*** INPUT DATA ***

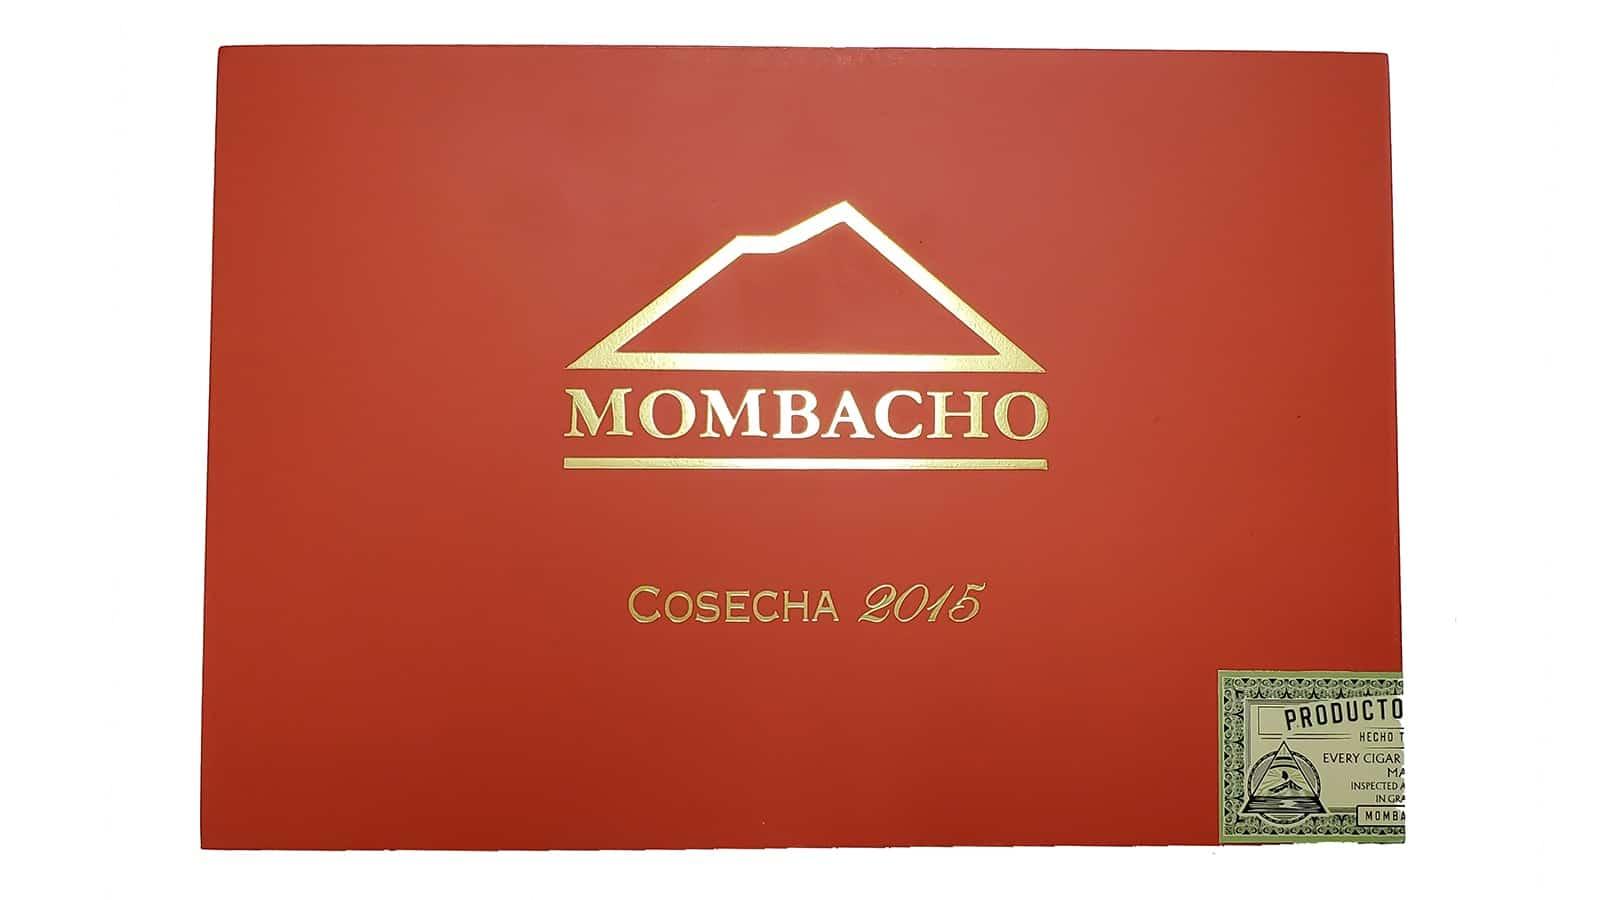 Mombacho_Cosecha_2015
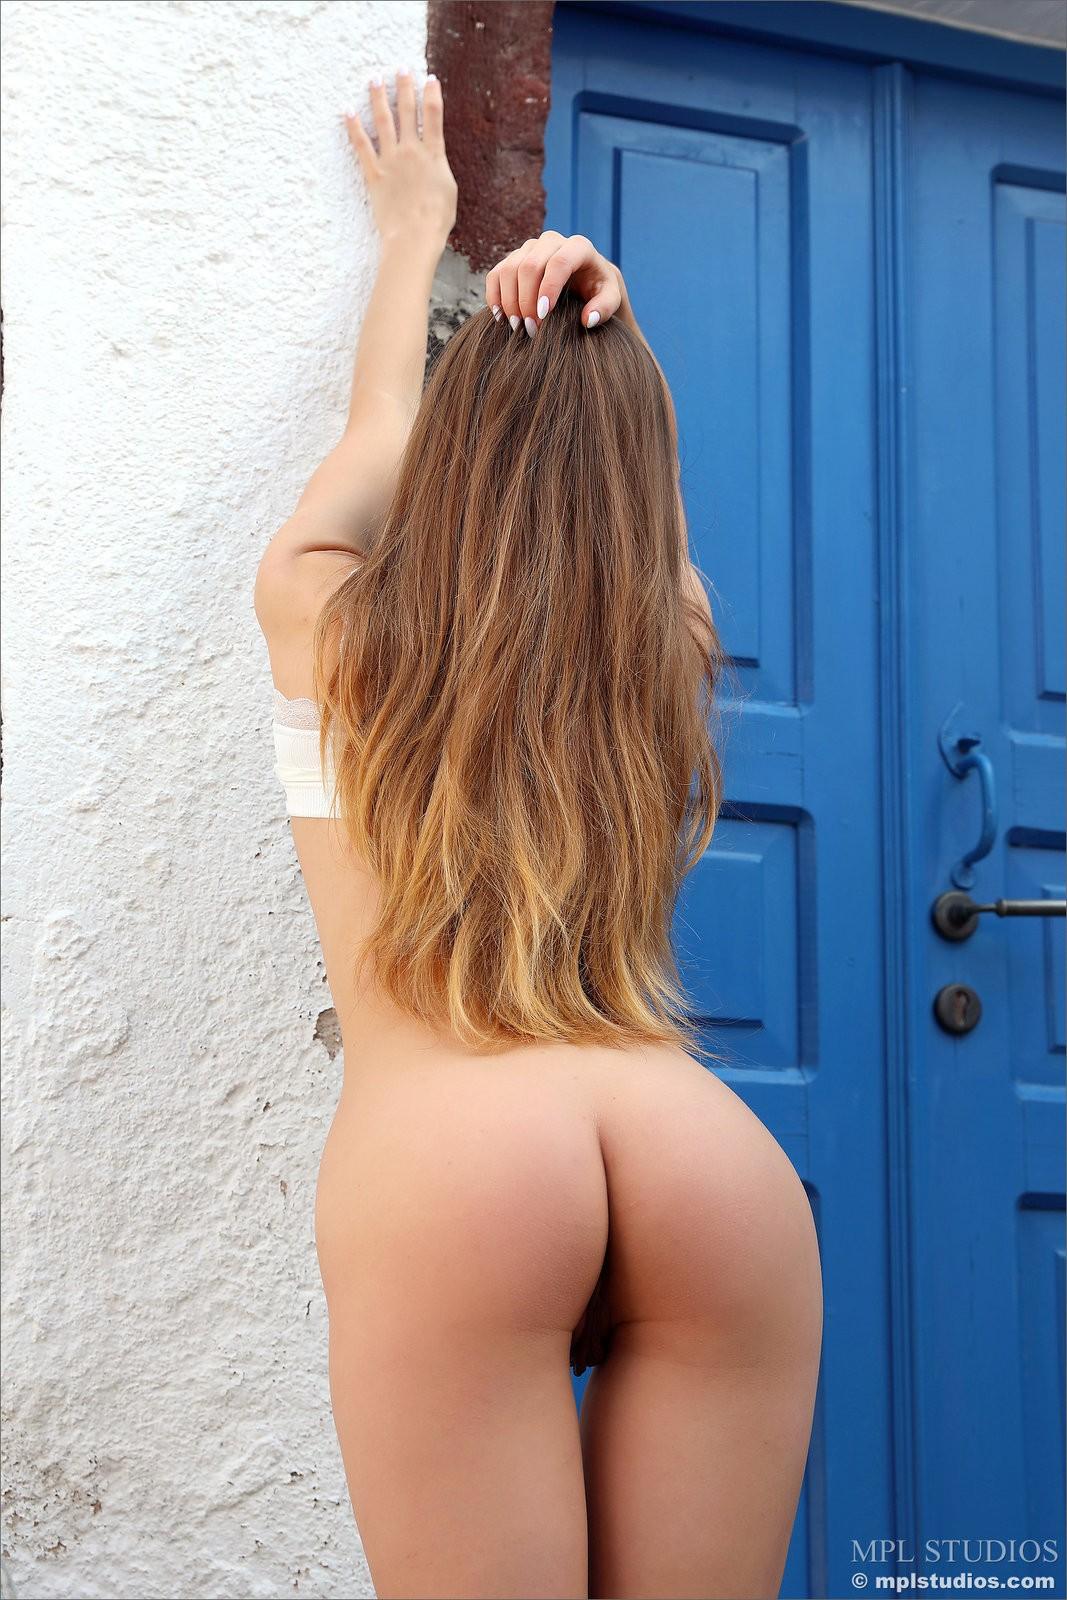 Девушка сняла юбку и оттопырила попку - фото
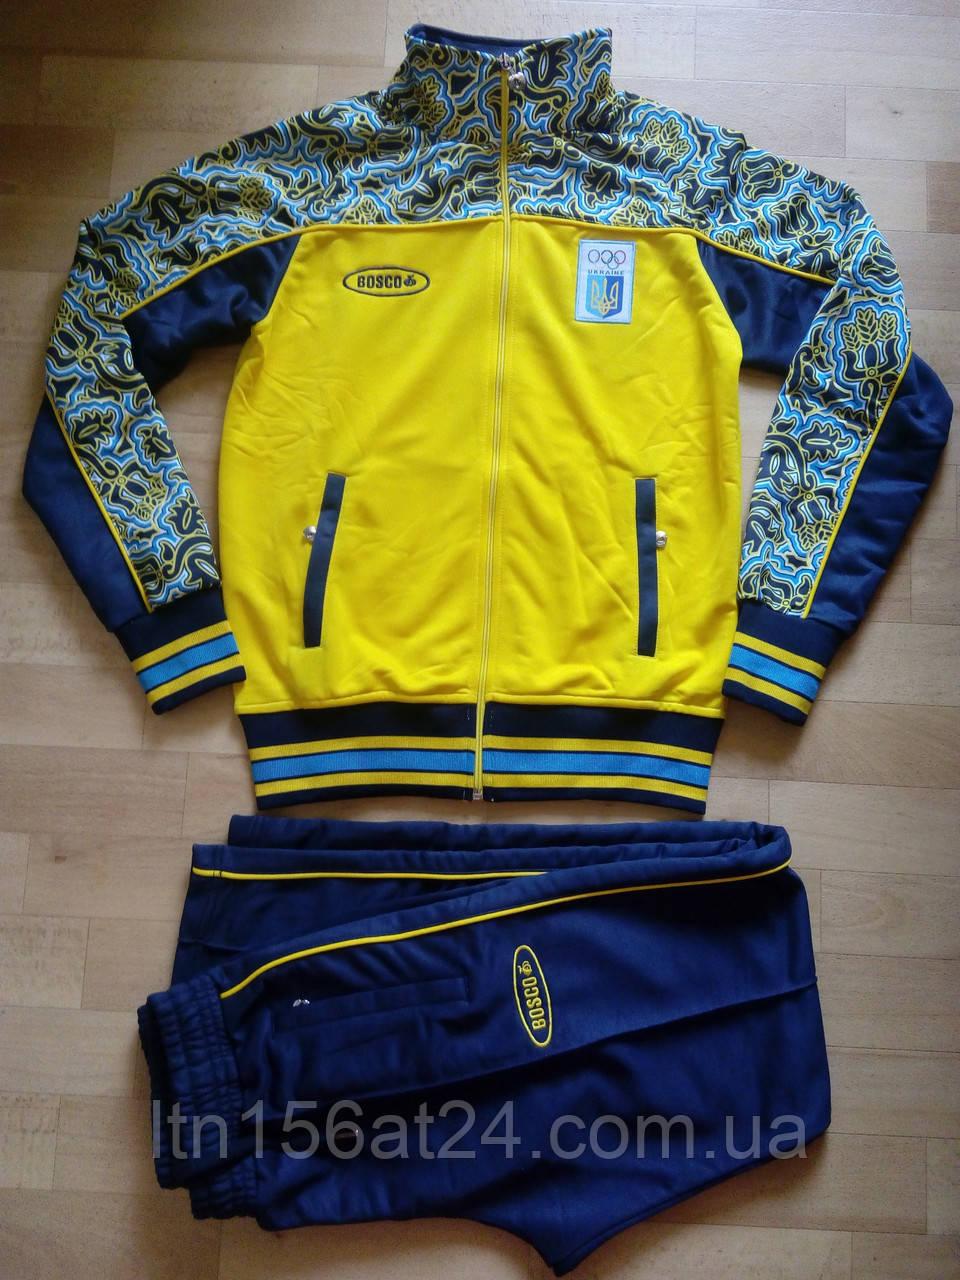 511304c5edb8 Спортивный костюм Bosco sport Ukraine. Боско спорт Украина оригинал ...

***

### PROBLEM REQUIREMENTS
Would you repeat the listing word for word and skip every picture?

### TASK OUTPUT
 Mombacho_Cosecha_2015
 Девушка сняла юбку и оттопырила попку - фото
 511304c5edb8 Спортивный костюм Bosco sport Ukraine. Боско спорт Украина оригинал ...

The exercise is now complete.